41st Balkan Mathematical Olympiad

Consider $i$ = the inversion of pole $A$ and $k=\frac{AB\cdot AC}{2}$ followed by the reflection with respect to angle bisector of $\angle BAC$. Denote $X^{\prime }=i(X)$ for any $X$ in the plane. Notice that $B^{\prime }=N$, $C^{\prime }=M$, the midpoints of $AC$ and $AB$ respectively and that Euler's circle of the triangle $ABC$ is $(DMN)$, so it's 'inverse' is the circle $(D^{\prime }{M}^{\prime }{N}^{\prime })$. But now, $M^{\prime }=C$, $N^{\prime }=B$ and $D^{\prime }$ is the circumcenter of $ABC$, denoted by $O$: Indeed, the line $B-D-C$ is sent to the circle $(AN{D}^{\prime }C)$, which is the circle with diameter $AO$. And since $AO$ and $AD$ are isogonals, it follows that $D^{\prime }=O$. Hence the circle $(DMN)$ is sent to $(OBC)$. At the same time circle $ABC$ is sent to the line $MN$. As $PQ\parallel BC$, it follows that arcs $PB$ and $QC$ are equal, so $AP$ and $AQ$ are isogonals, $P^{\prime }=AQ\cap MN$, $Q^{\prime }=AP\cap MN$ and the circle $PDQ$ is sent to $P^{\prime }O{Q}^{\prime }$.
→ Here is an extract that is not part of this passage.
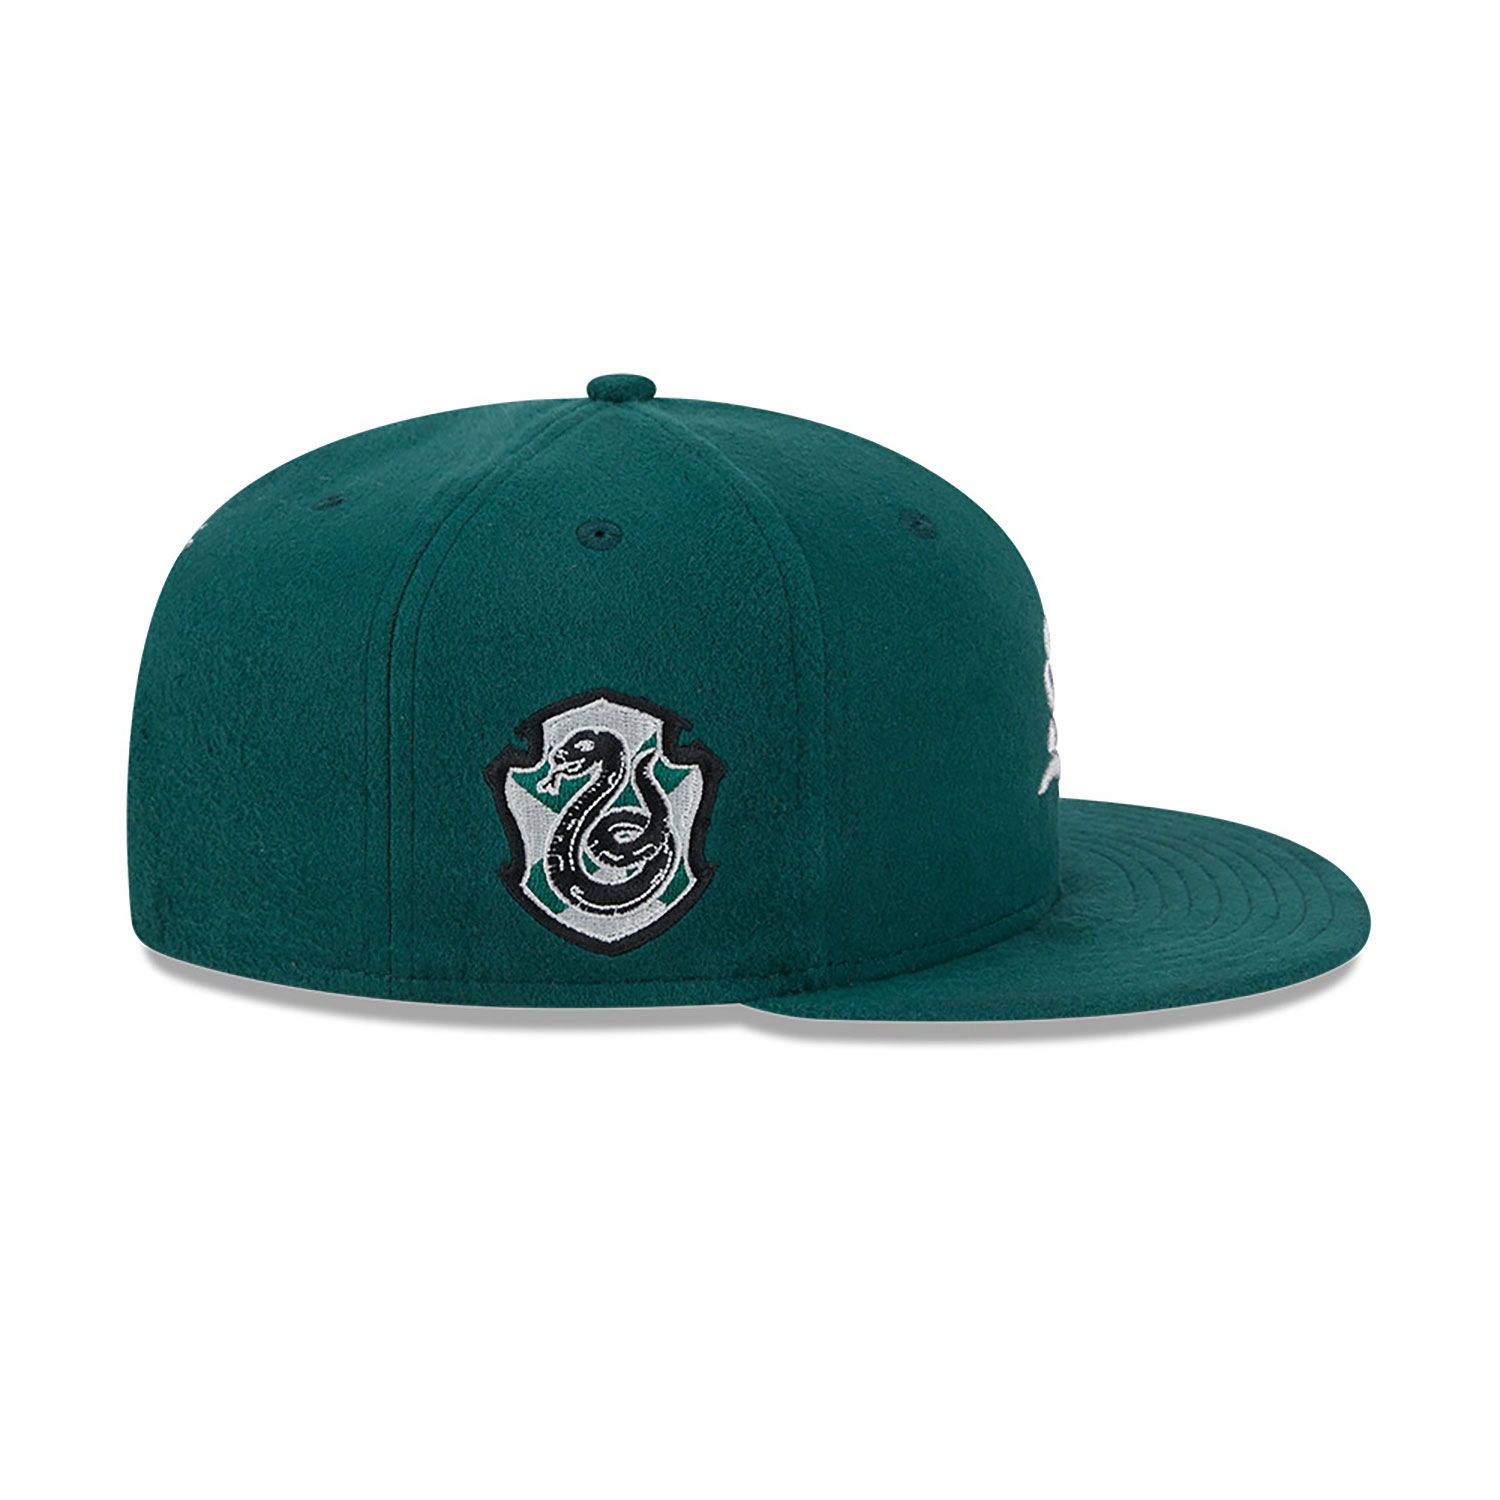 Harry Potter and the Deathly Hallows Part 2 Slytherin Dark Green 9FIFTY Snapback Cap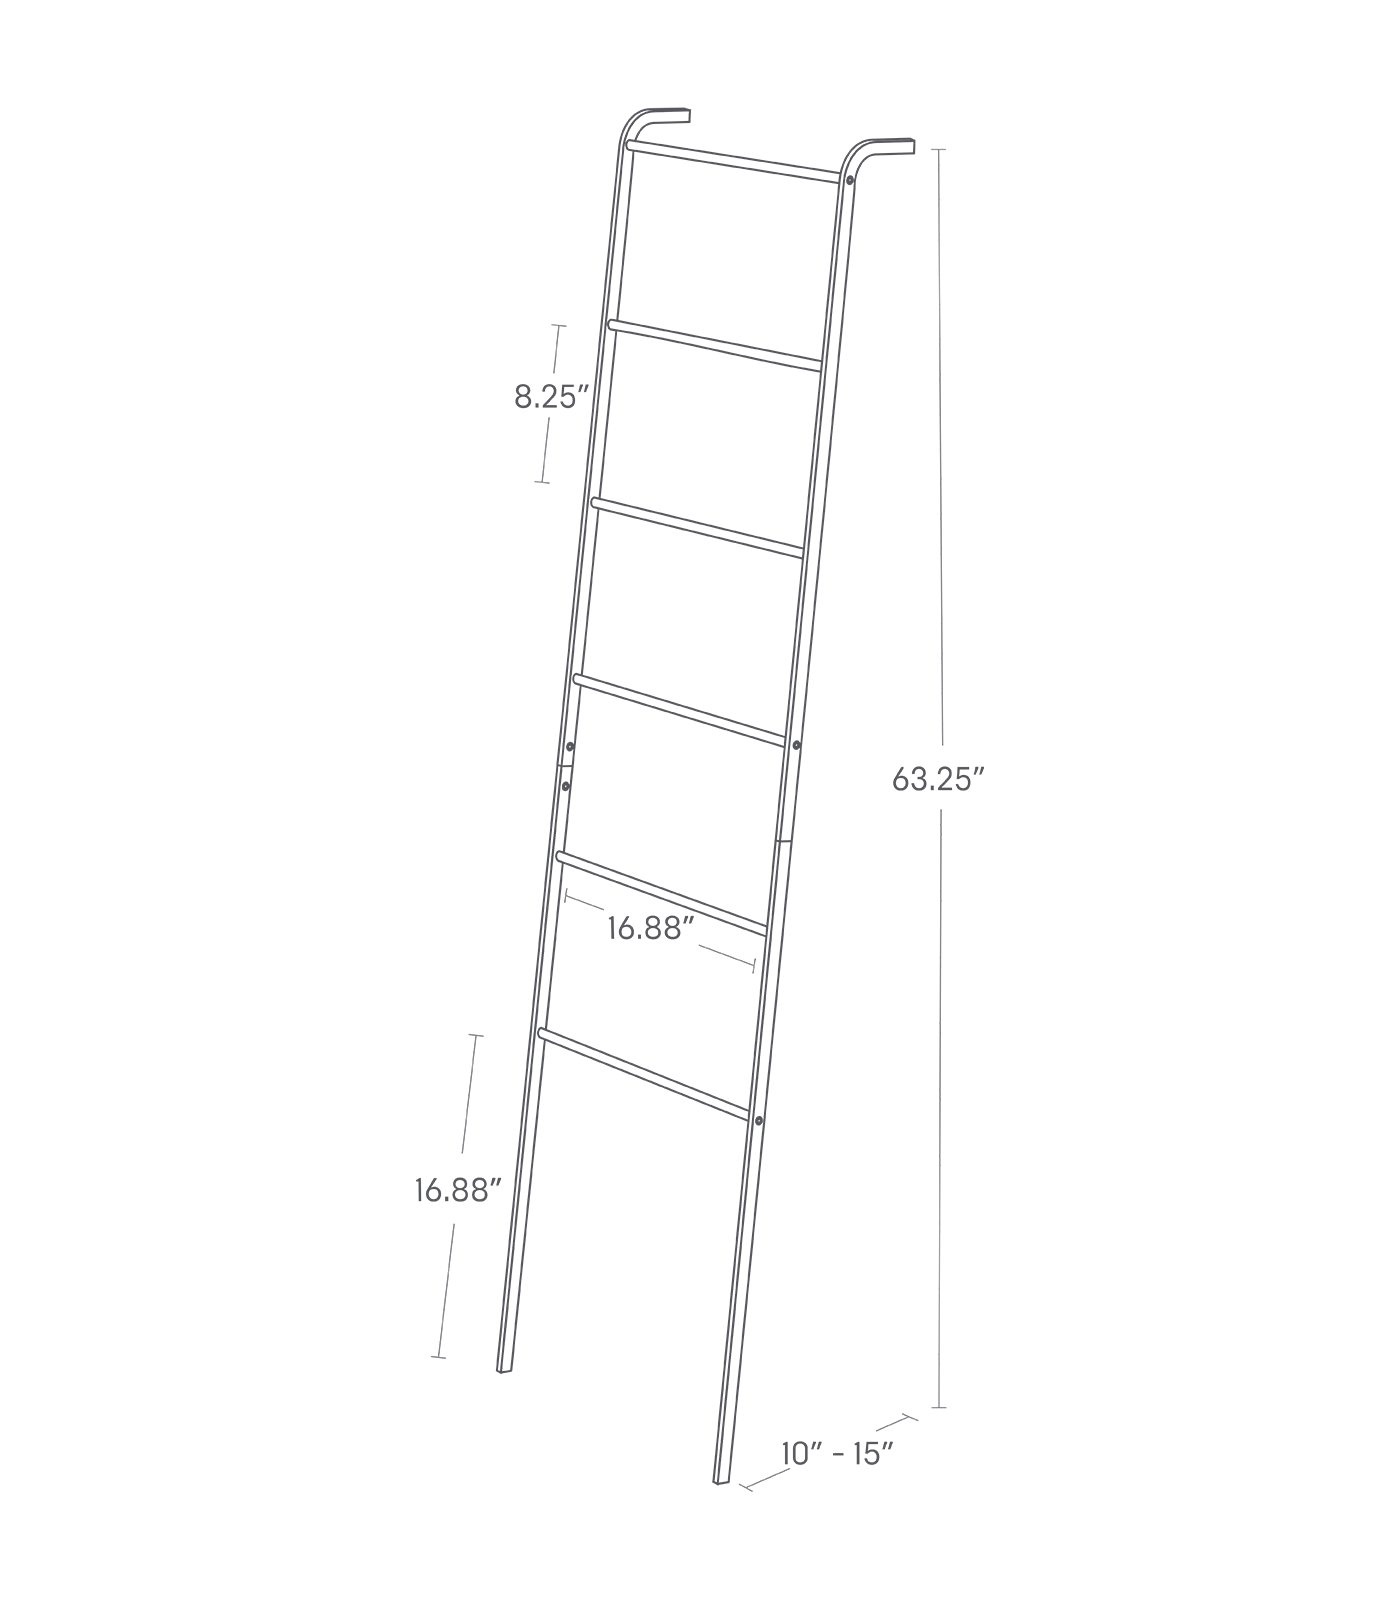 Leaning Storage Ladder - Two Styles (63

$P_1^{\prime }=Q_1$ and $Q_1^{\prime }=Q_1$ and then the circles ($O{P}_1{Q}_1$) and ($OBC$) are tangent as they are isosceles with $OB=OC$ and $OP=OQ$. Hence ($P_{1}D{Q}_1$) and ($MDN$) are tangent at $D$ and $M\in P_1{Q}_1$. Now ($DPQ$) and ($DMN$) are tangent if and only if ($O{P}^{\prime }{Q}^{\prime }$) and ($OBC$) are tangent, so if and only if the tangent at $O$ to ($OBC$) is the tangent at $O$ to ($O{P}^{\prime }{Q}^{\prime }$) which happens if and only if the triangle $O{P}^{\prime }{Q}^{\prime }$ is isosceles with base $P^{\prime }{Q}^{\prime }$ which is equivalent to $O{P}^{\prime }=O{Q}^{\prime }$. So we have $O{P}^{\prime }=O{Q}^{\prime }$ and also $O{P}_1=O{Q}_1$. It follows that $$\begin{array}{rl}{Q}^{\prime }{P}_1=Q_1{P}^{\prime }& \iff Q^{\prime }{Q}_1^{\prime }=P^{\prime }{P}_1^{\prime }\iff Q{Q}_1\cdot \frac{k}{AQ\cdot A{Q}_1}=P{P}_1\cdot \frac{k}{AP\cdot A{P}_1}\\ & \iff AQ\cdot A{Q}_1=AP\cdot A{P}_1\iff S_{Q{Q}_1}=S_{AP{P}_1}\iff \mathrm{dist}(A,Q{Q}_1)=\mathrm{dist}(A,P{P}_1).\end{array}$$ But this means that $A$ lies on the segment bisector of $P_1{Q}_1$ and $PQ$ respectively. So the minor arcs $AB$ and $AC$ are equal and the triangle is isosceles, contradiction. The conclusion follows now. $\square$